▸ Data excerpt:
BEGIN
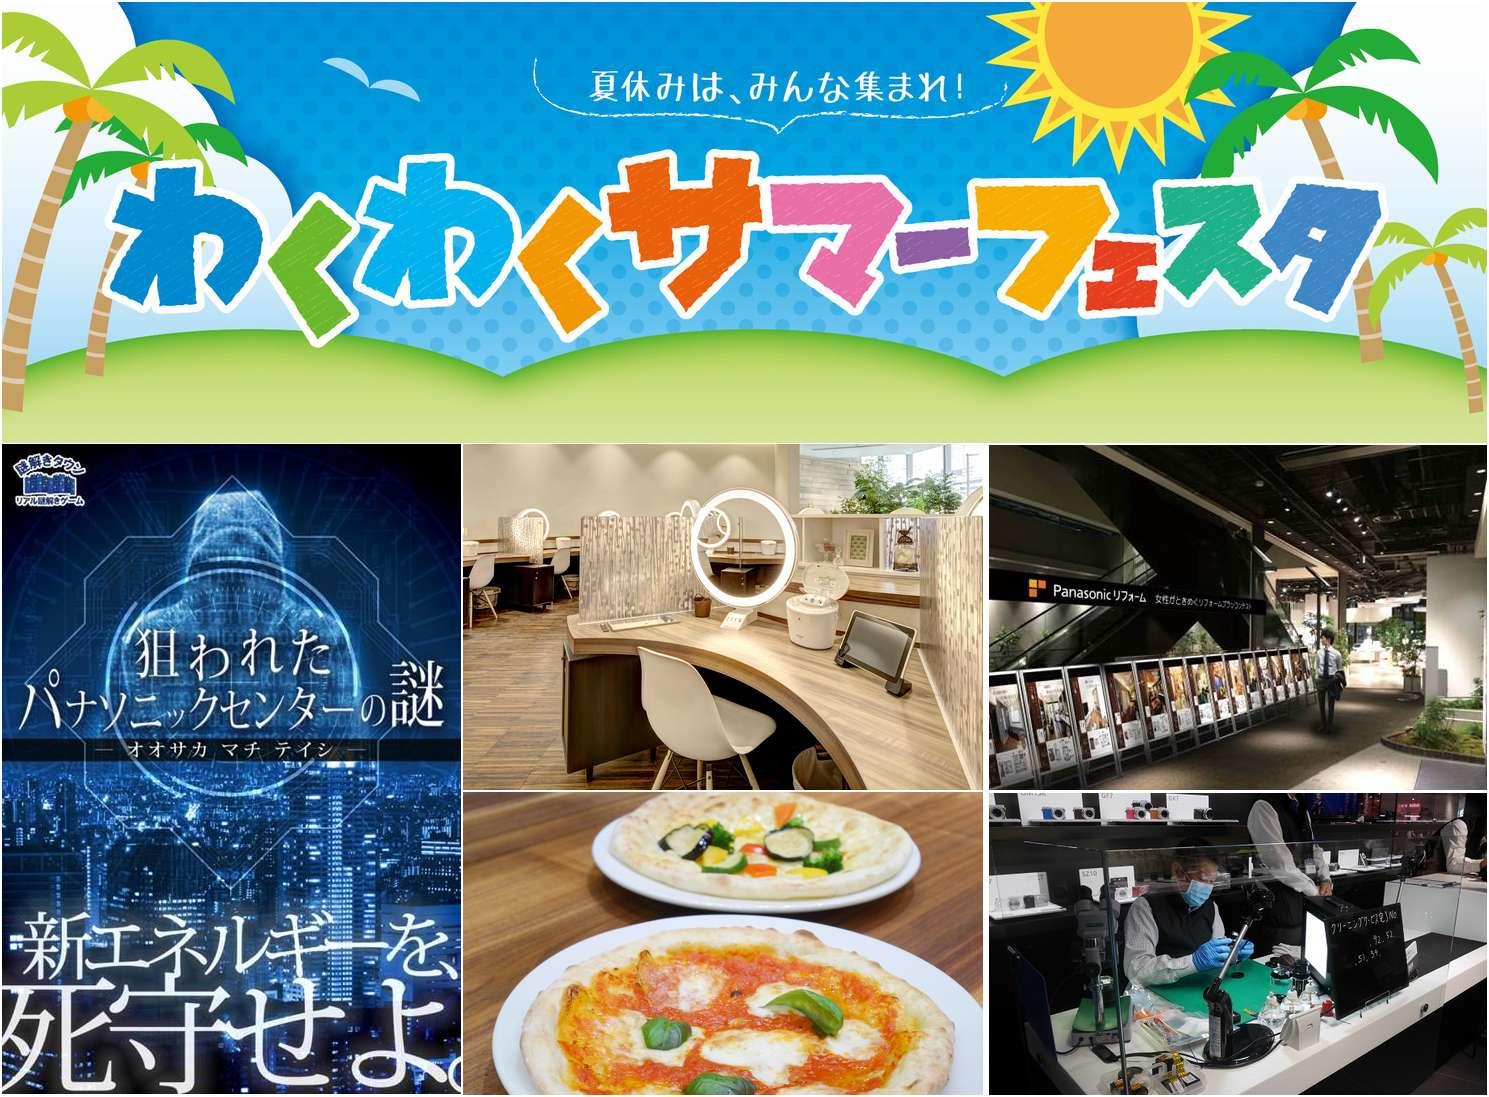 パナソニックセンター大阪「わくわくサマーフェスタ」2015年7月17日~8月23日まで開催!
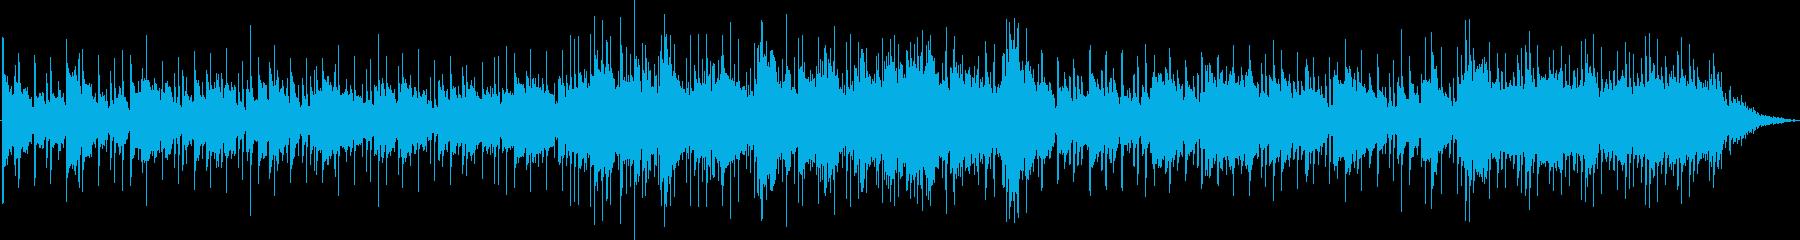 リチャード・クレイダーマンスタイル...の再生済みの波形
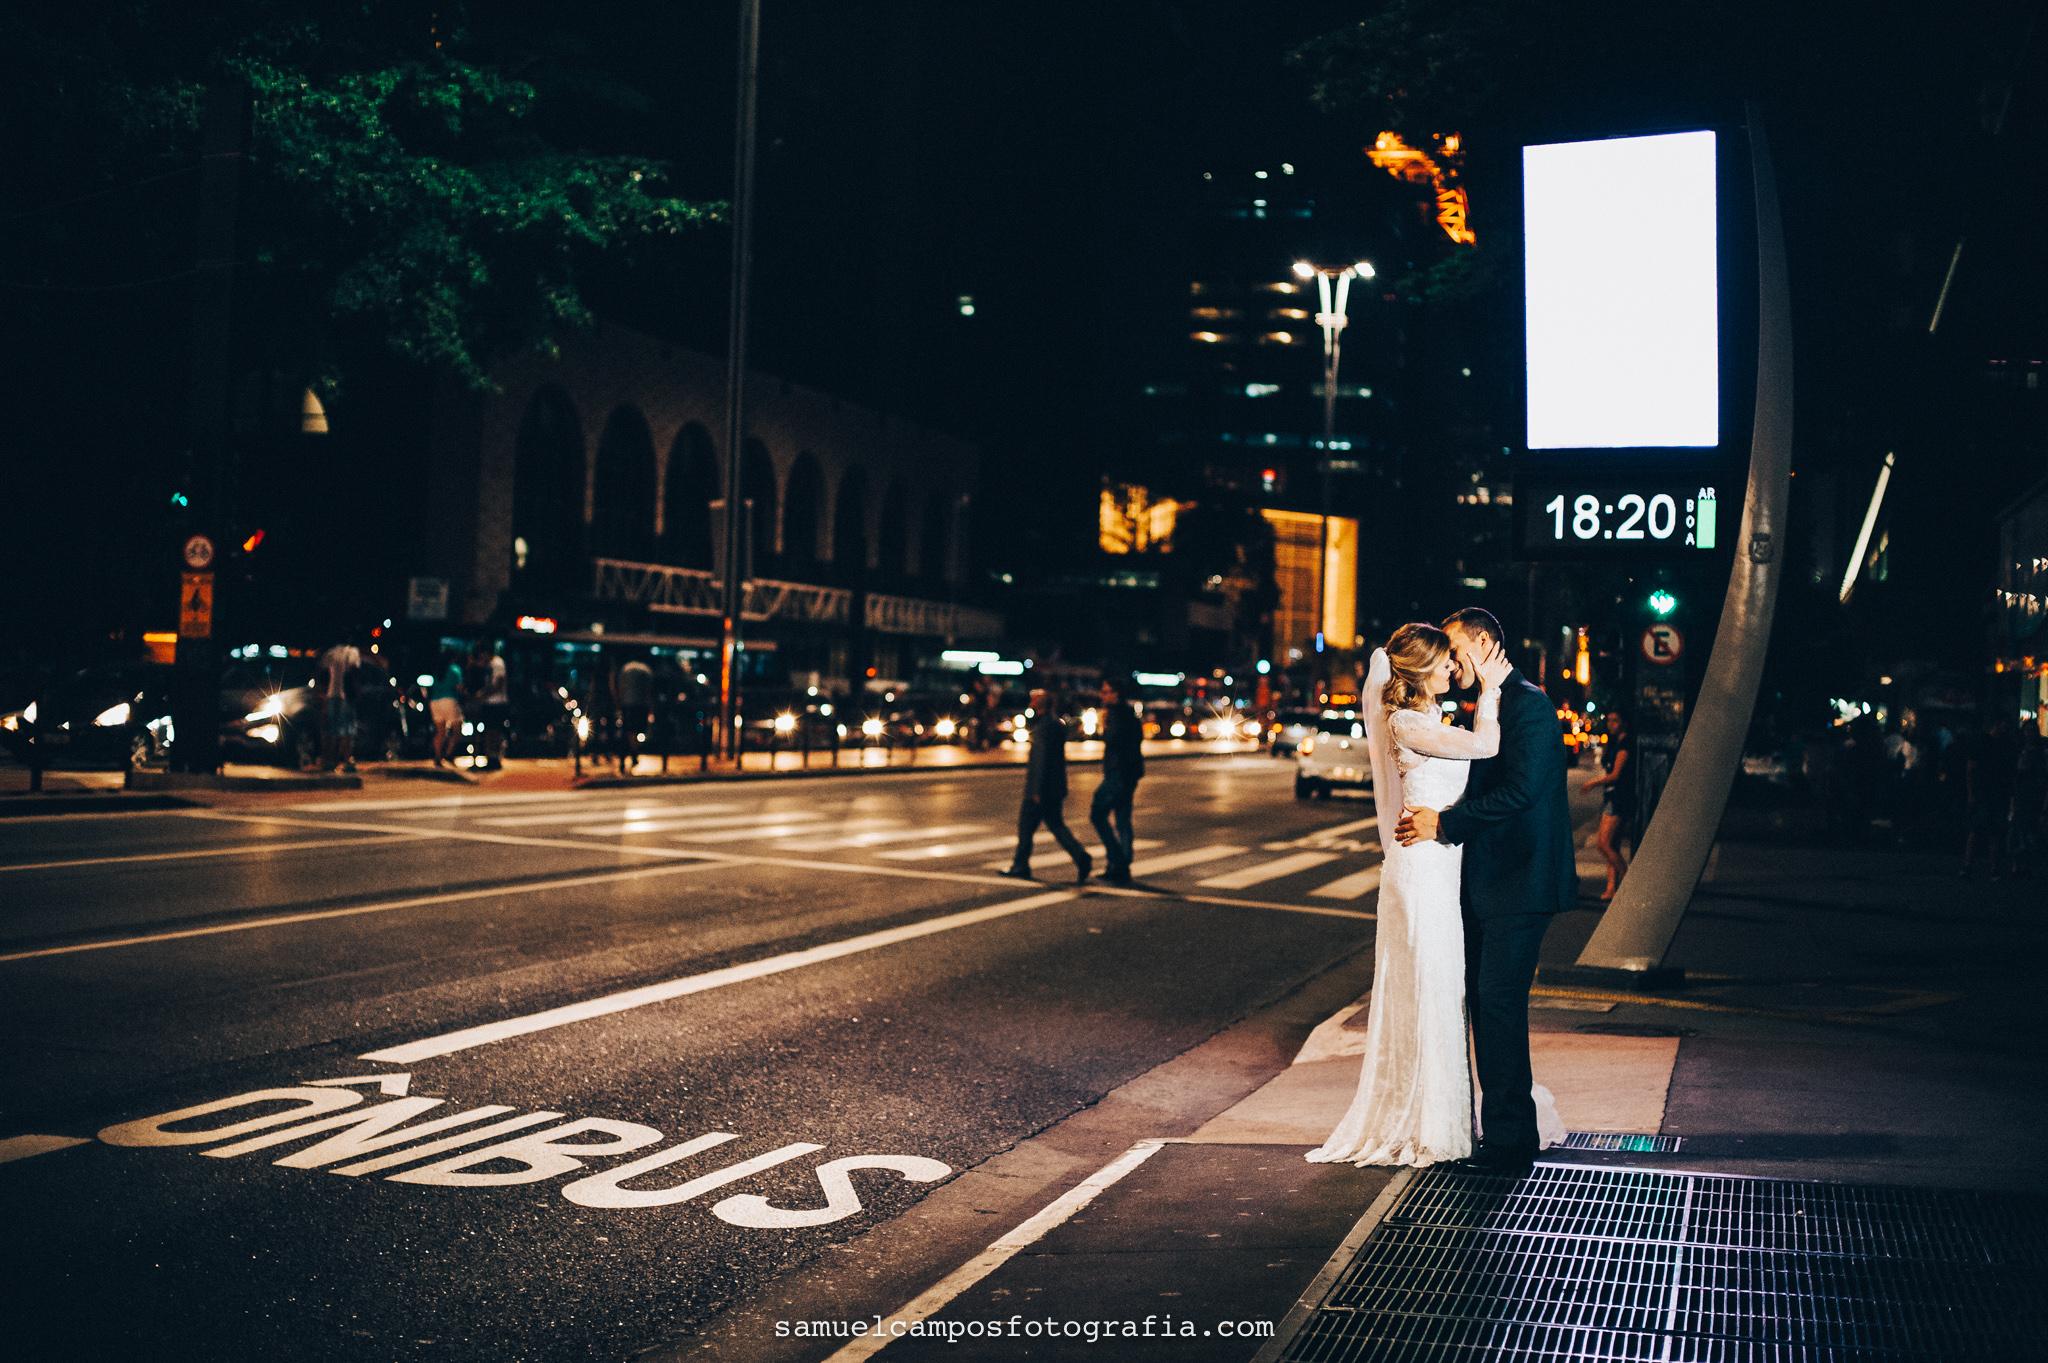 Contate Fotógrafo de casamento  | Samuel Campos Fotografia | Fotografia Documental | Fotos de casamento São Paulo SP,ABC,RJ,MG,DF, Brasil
END
Without the pictures, repeat the listing above exactly.

 パナソニックセンター大阪「わくわくサマーフェスタ」2015年7月17日~8月23日まで開催!
 リチャード・クレイダーマンスタイル...の再生済みの波形
 Contate Fotógrafo de casamento  | Samuel Campos Fotografia | Fotografia Documental | Fotos de casamento São Paulo SP,ABC,RJ,MG,DF, Brasil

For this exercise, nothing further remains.